A dificuldade em classificar os trabalhos de Marcone Moreira em categorias estáveis se reflete no diálogo ambíguo que eles estabelecem com a produção de dois outros artistas contemporâneos brasileiros. A uma primeira visada, os recortes de madeira que expõe remetem aos trabalhos do artista mineiro Celso Renato, o qual também se apropriava, já na década de 1960, de tapumes de madeira, sobras de construções ou pedaços de portas encontradas na rua para - ao contrário de Marcone Moreira, que apenas os escolhe e transporta para outro canto - fazer sobre eles pinturas de extração construtivista, adicionando-lhes, por acréscimo de pigmento, mais uma camada de significados. É inevitável, ainda, aproximar seus trabalhos das pinturas de Emmanuel Nassar, artista também paraense e que partilha, com Marcone Moreira, o interesse sobre o mesmo e impuro repertório visual da região onde moram. Diferem os dois artistas, contudo, em um procedimento construtivo básico: enquanto Emmanuel Nassar se apropria, no mais das vezes, apenas das imagens achadas, refazendo-as sobre suportes variados (às vezes de modo íntegro, outras vezes modificando-as), Marcone Moreira se apropria, adicionalmente, do suporte físico (madeira, nylon ou qualquer coisa mais) onde estão as imagens - antes dispersas em qualquer parte - que o atraem.

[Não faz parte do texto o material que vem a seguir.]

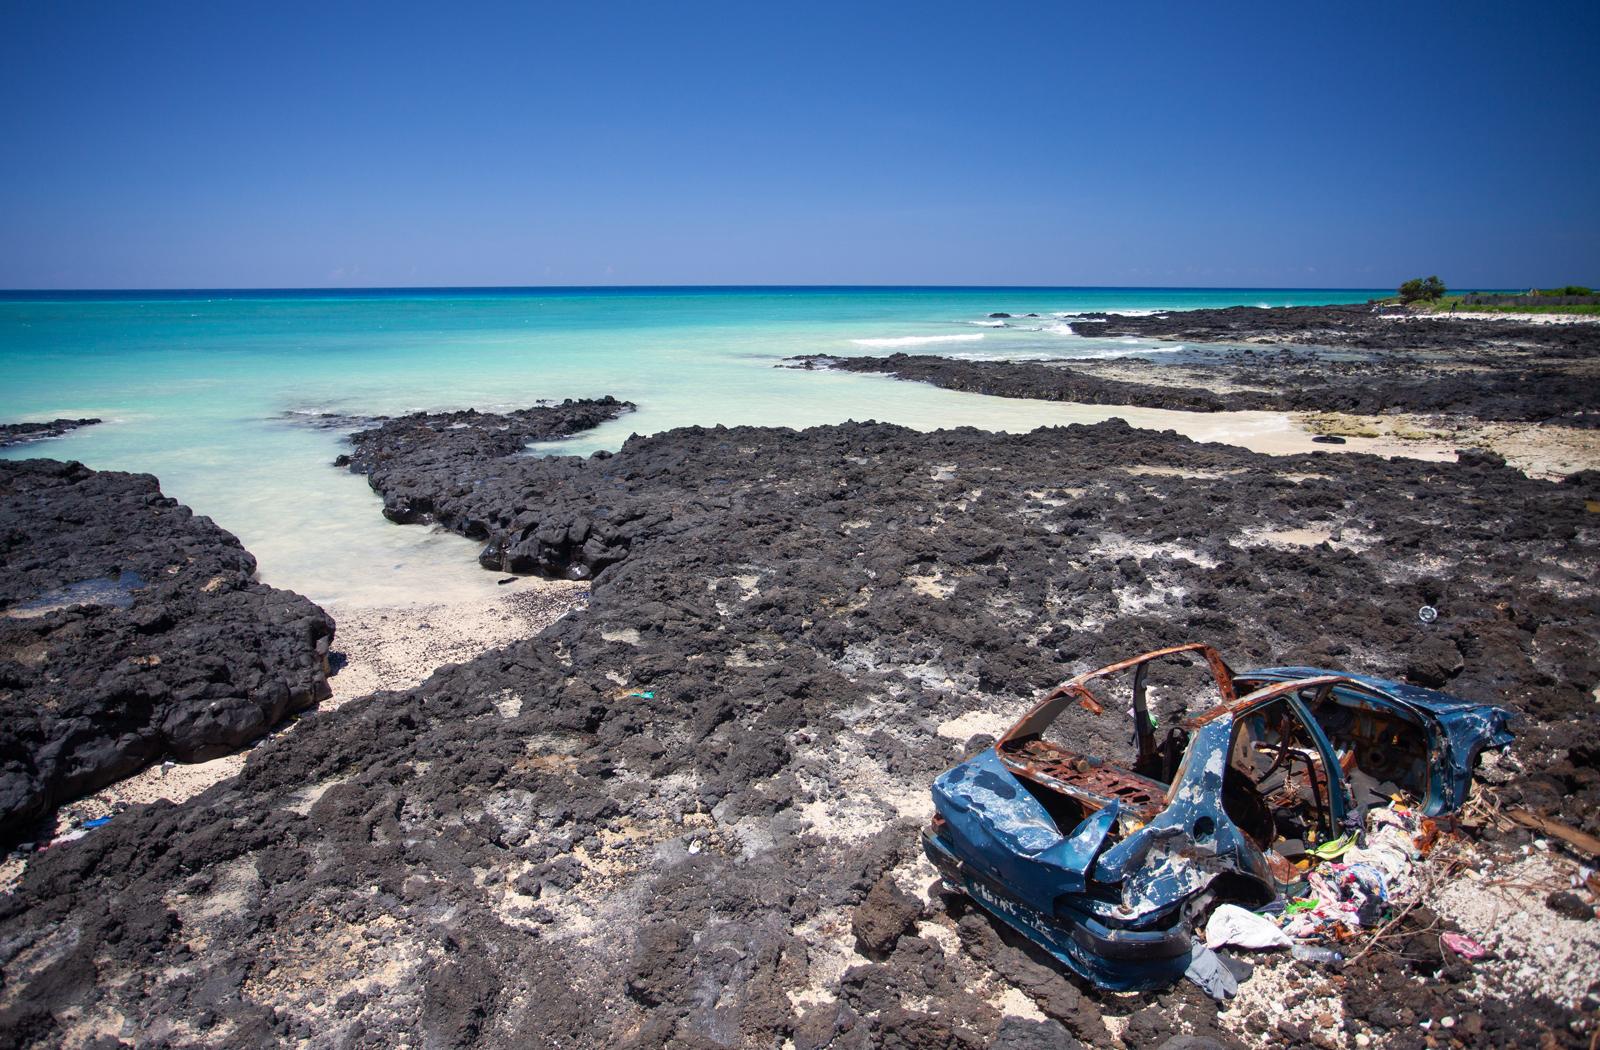 Abandoned car along the shoreline in Grande Comore

Diante de um conjunto de seus trabalhos, pouco se pode dizer, portanto, de modo definitivo. Esta imprecisão não resulta, porém, de deficiências conceituais ou de indecisões construtivas; emerge deles, ao contrário, como constitutiva de sua integridade: sem optar por ser pintura ou objeto e movendo-se entre referências eruditas e populares, apropria-se do que está já no mundo sem reivindicar, entretanto, autoria exclusiva do que resulta de seu gesto. Traz, por fim, para um tempo e um lugar preciso (o momento de cada exposição e o lugar do campo da arte), indícios de um tempo não sabido ao certo e de lugares que são só passagem.